**EXERCISE PROMPT**:
The material below contains a line with "Method for determining" and a line with "By Vilain (Honest)". Copy exactly those two lines and all lines between them.

**MATERIAL FOR THIS TASK**:
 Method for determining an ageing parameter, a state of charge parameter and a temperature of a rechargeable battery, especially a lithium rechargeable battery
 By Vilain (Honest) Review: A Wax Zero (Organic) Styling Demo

...

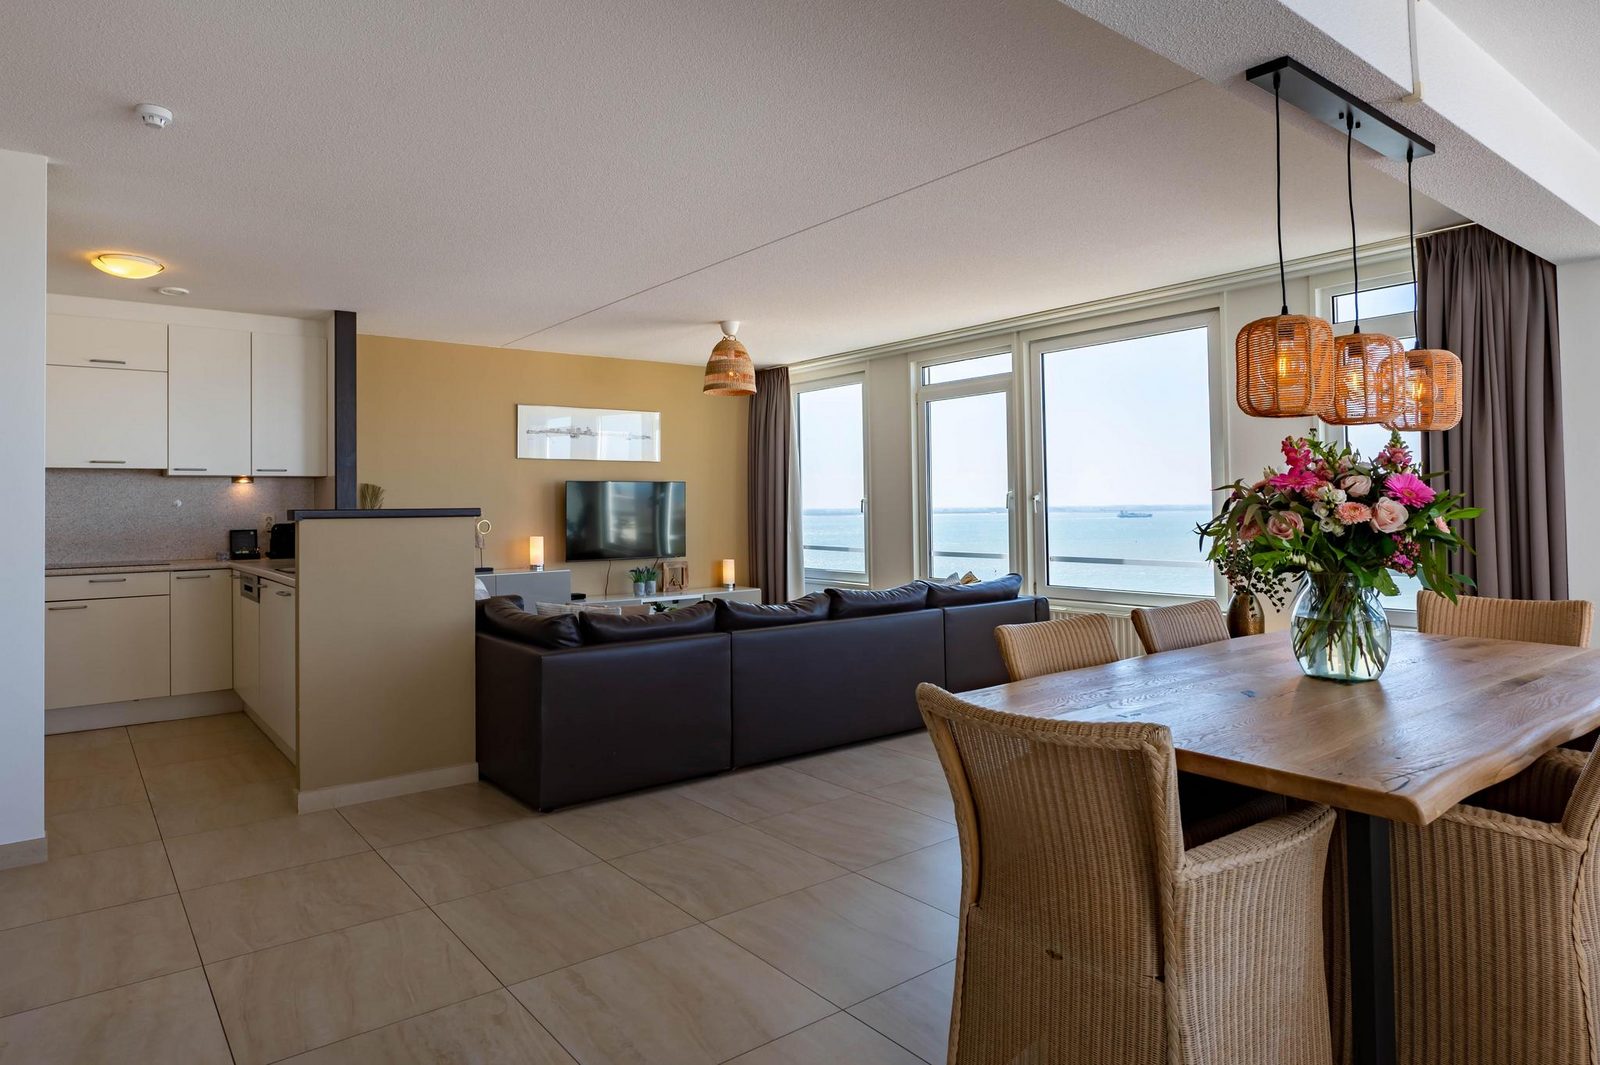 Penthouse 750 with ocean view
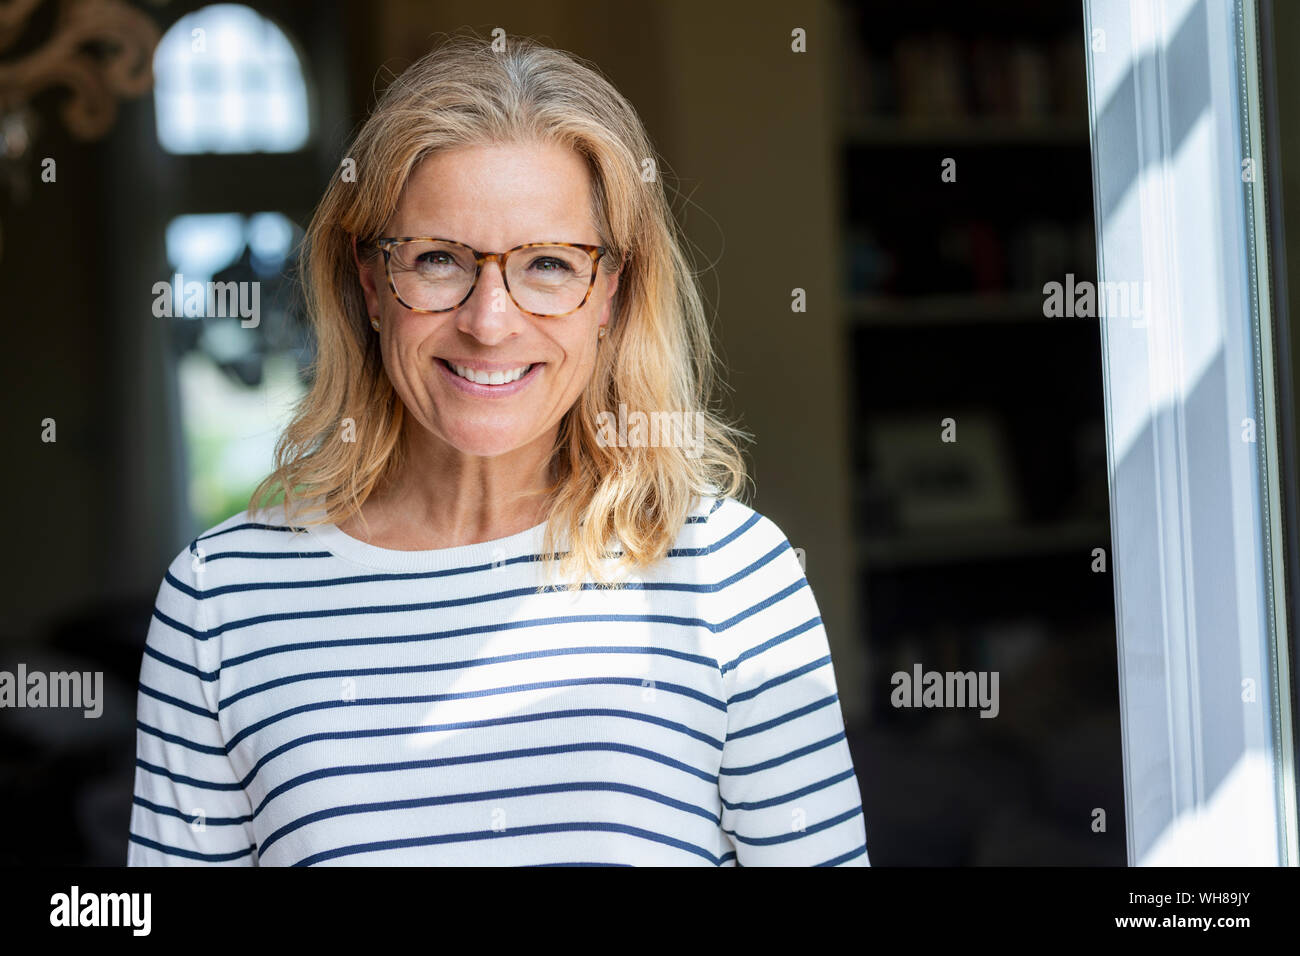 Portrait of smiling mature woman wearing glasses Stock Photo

**PROBLEM SOLUTION**:
 Method for determining an ageing parameter, a state of charge parameter and a temperature of a rechargeable battery, especially a lithium rechargeable battery
 By Vilain (Honest) Review: A Wax Zero (Organic) Styling Demo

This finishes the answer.